Exercise instructions:
Pick every line out of the entries below that has the string "Mike", and copy it.

==*==

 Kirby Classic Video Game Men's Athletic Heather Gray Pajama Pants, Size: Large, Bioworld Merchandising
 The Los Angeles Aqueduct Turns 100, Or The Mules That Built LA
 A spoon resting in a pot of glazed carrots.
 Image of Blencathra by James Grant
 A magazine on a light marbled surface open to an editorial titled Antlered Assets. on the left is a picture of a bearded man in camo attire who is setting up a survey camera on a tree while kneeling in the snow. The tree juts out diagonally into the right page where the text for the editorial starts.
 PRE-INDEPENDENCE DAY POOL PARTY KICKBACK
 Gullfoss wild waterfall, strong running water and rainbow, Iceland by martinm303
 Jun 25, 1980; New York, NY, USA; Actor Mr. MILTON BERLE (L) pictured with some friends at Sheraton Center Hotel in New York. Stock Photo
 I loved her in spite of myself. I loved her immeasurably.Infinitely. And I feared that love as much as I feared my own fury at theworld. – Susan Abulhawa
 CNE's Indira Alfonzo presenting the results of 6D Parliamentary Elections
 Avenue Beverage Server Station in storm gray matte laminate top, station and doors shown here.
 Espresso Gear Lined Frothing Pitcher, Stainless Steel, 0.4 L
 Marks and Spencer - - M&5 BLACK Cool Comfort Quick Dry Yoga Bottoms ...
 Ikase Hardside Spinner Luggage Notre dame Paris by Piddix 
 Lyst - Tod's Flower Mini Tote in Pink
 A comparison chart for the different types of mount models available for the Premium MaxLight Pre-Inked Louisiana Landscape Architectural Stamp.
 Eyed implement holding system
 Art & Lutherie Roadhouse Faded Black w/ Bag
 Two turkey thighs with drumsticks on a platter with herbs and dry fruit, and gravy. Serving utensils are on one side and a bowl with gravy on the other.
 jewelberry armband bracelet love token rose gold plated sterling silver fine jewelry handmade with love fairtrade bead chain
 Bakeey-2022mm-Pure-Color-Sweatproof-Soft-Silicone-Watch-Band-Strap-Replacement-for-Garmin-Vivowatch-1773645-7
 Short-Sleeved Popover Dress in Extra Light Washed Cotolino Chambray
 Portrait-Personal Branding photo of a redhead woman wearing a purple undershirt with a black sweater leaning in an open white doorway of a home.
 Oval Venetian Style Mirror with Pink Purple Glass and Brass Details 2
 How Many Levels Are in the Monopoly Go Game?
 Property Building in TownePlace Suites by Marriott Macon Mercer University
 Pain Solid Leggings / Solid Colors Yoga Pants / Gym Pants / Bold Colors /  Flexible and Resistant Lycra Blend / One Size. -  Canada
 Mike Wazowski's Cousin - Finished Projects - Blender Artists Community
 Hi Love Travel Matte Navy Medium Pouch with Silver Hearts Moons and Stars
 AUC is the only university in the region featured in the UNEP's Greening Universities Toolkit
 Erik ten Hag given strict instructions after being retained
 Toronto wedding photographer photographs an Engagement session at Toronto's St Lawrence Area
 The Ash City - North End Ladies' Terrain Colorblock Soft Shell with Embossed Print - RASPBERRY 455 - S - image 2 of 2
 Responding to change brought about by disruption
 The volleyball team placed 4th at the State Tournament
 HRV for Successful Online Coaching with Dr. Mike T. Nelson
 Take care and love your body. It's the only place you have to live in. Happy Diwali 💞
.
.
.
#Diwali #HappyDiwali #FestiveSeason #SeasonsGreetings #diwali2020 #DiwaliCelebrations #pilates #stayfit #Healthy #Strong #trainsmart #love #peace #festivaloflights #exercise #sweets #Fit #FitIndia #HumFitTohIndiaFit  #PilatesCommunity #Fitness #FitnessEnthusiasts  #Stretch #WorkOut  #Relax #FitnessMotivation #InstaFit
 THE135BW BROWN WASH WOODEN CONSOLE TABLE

==*==

Answer to this problem:
 Mike Wazowski's Cousin - Finished Projects - Blender Artists Community
 HRV for Successful Online Coaching with Dr. Mike T. Nelson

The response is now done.